Polynuclear clusters as single molecule magnets:- One of the most pressing technology needs today is to find more efficient ways to store and process digital information. There are a couple of possibilitys: one is to aqueeze more data onto storage devices by making currently used magnetic nanoparticles even smaller. Another is to develop fundamentally different ways to process potential applications, the use of chemistry to develop new materials will be critical. That's where single-molecule magnets (SMMs) may fit in. Conventional, magnets rely on the collective behavior of the unpaired electron spins of hundrads of thousands or millions of individual metal centers in a particle or vulk material. SMMs, on the other hand, are transition-metal clusters that individual exibit the classical properties of a magnet below a critical temperature called the blocking temperature, which is currently limited to about 4 K. Our main interest on this project is to assemble smaller simple magnetic clusters by several linkers to larger arrays to see whether the resulting larger arrays are improved magnets compared to the starting small clusters. Using this methodology we have recently synthesized a couple of Mn9 nano-funnels from a simple and known antiferromagnetic Mn3 triangle using a new trihydroxy linker. Detail ac as well as dc magnetic studies revealed that the Mn9-larger clusters are new kinds of single molecule magnet. Similarly, a new m6-oxo-centered Mn6 cluster was prepared and used as the secondary building unit to prepare an azido bridged polymer of this cluster with the retention of the parent Mn6 core. In this case also the magnetic behaviour changed upon the formation of poly-cluster (K. C. Mondal, M. Drew, P. S. Mukherjee, Inorg. Chem. 2007, 46, 5625; Chem. Eur. J. 2013, ).

Mn-single molecule magnet

Catalysis in Confined Space

Catalysis in Self-Assembled cage: Investigations on cavity-induced entropically favorable organic transformations in “green” aqueous media are ultimately aimed at mimicking enzyme functions.

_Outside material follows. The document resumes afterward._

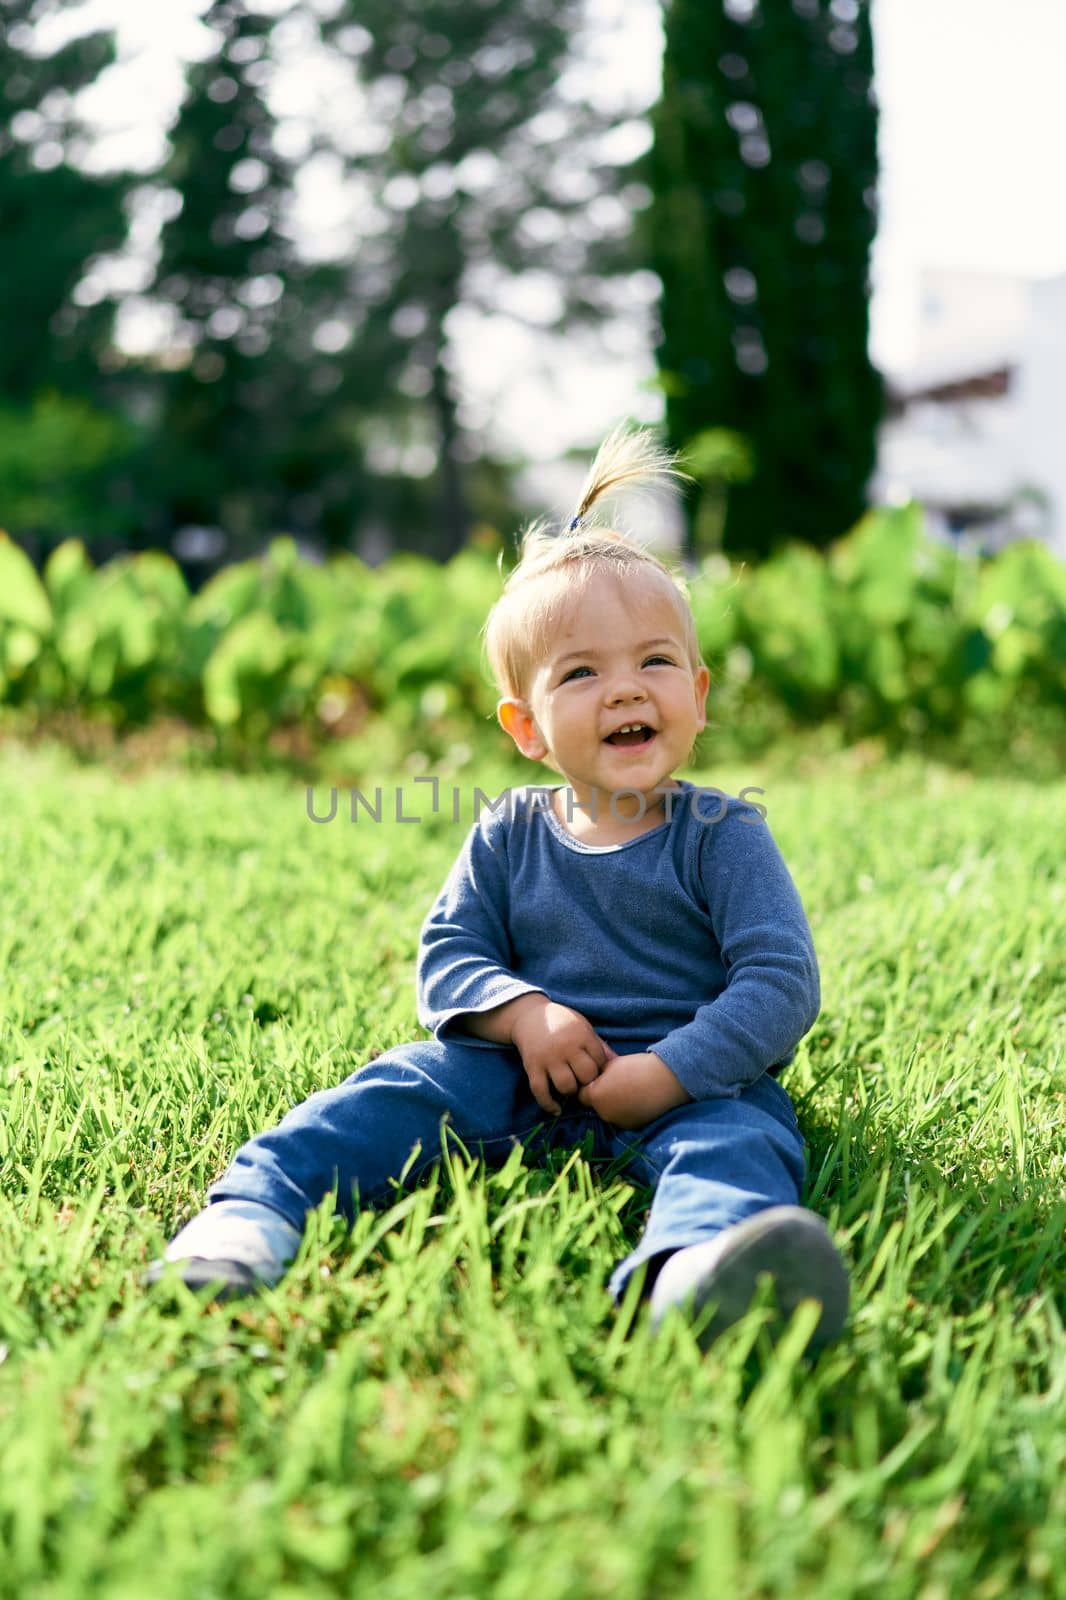 Laughing kid with a ponytail sits on a green lawn. High quality photo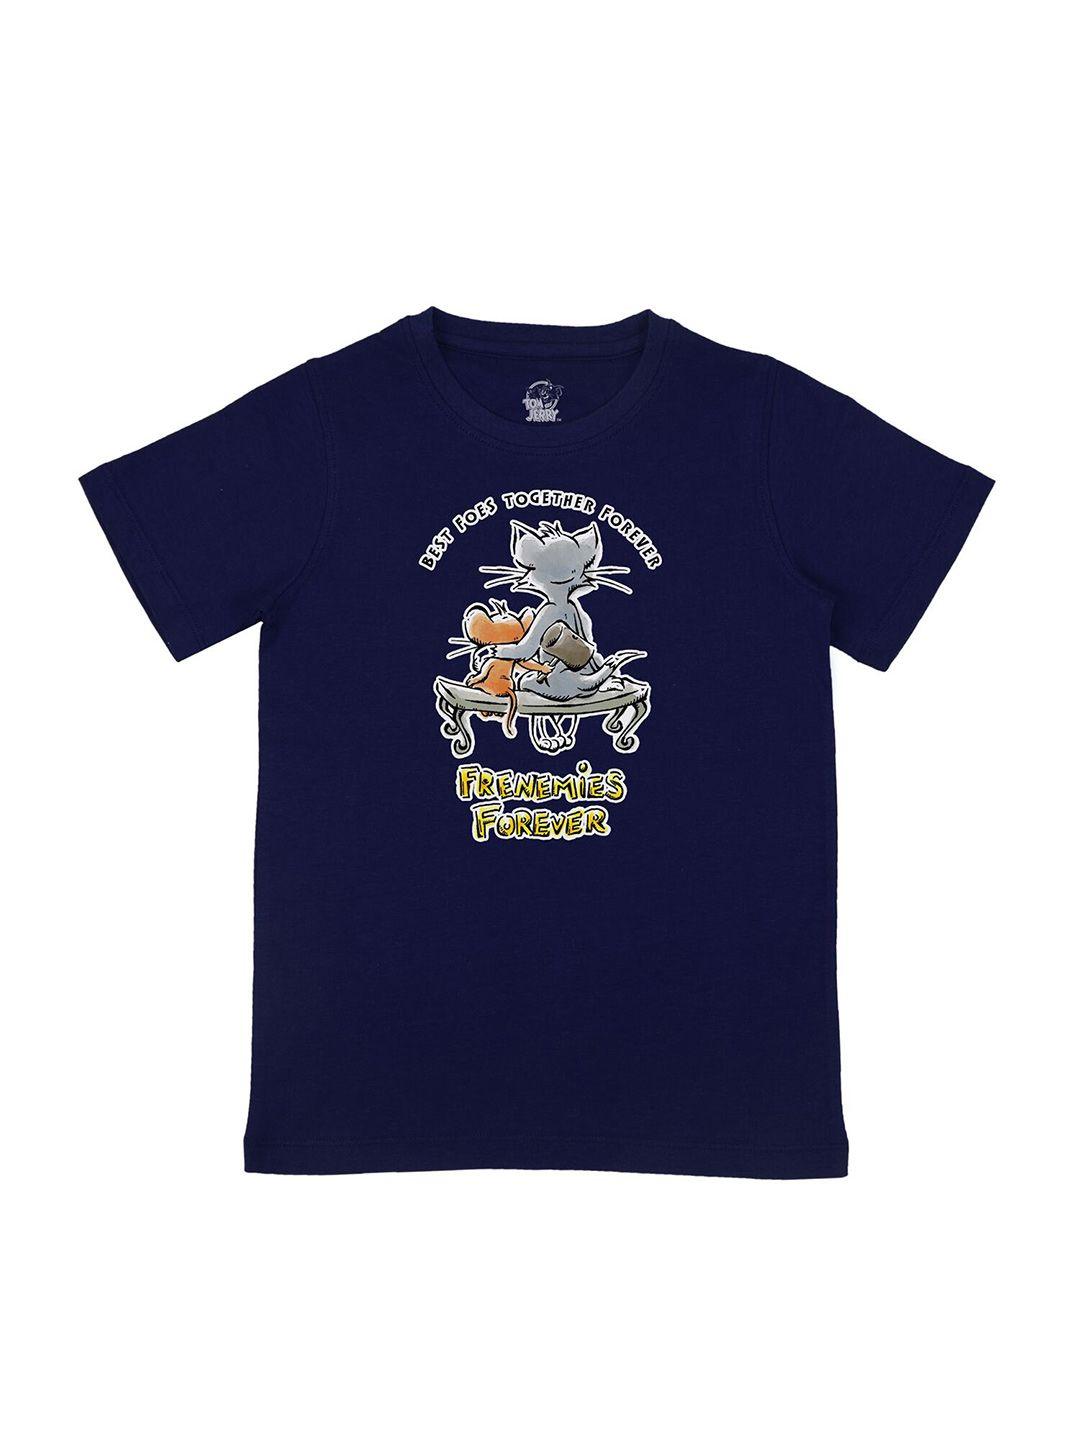 tom & jerry by wear your mind boys navy blue t-shirt

In 1948, Pauling postulated that enzymes catalyze a reaction through specifically binding with the transition state. This preferential binding stabilizes the transition state, thereby lowering the activation energy barrier for that reaction, which allows for easy formation of the product. Since the 1990s, various research groups around the world have investigated the formation of nanocages with hollow structures that can encapsulate guest molecule as reaction vessels to mimic enzymatic functions. Non-covalent cages are preferred over covalent cages because guest-exchange is more eloquent and tedious multistep syntheses, which are necessary for covalent synthesis, can be avoided. Hollow architectures, which are formed by metal–ligand coordination-driven self-assembly, are particularly appealing because the designer can chose from a variety of donors and acceptors with suitable geometries and modify the organic backbone to suit the specific demands of the reaction to be studied. We have reported several new hollow water-soluble cages. The cages were successfully crystallized with hydrophobic guests to confirm the hydrophobic nature of the cavity. The hydrophobic confined nanospace of the cages was used to perform catalytic Knoevenagel condensation of a series of different aromatic aldehydes with active methylene compounds. We have also established that the cavity of the cage enhanced the rate of the Diels–Alder reaction of 9-hydroxymethylanthracene with N-phenylmaleimide or N-cyclohexylmaleimide (Chem. Eur. J. 2012, 18, 12322).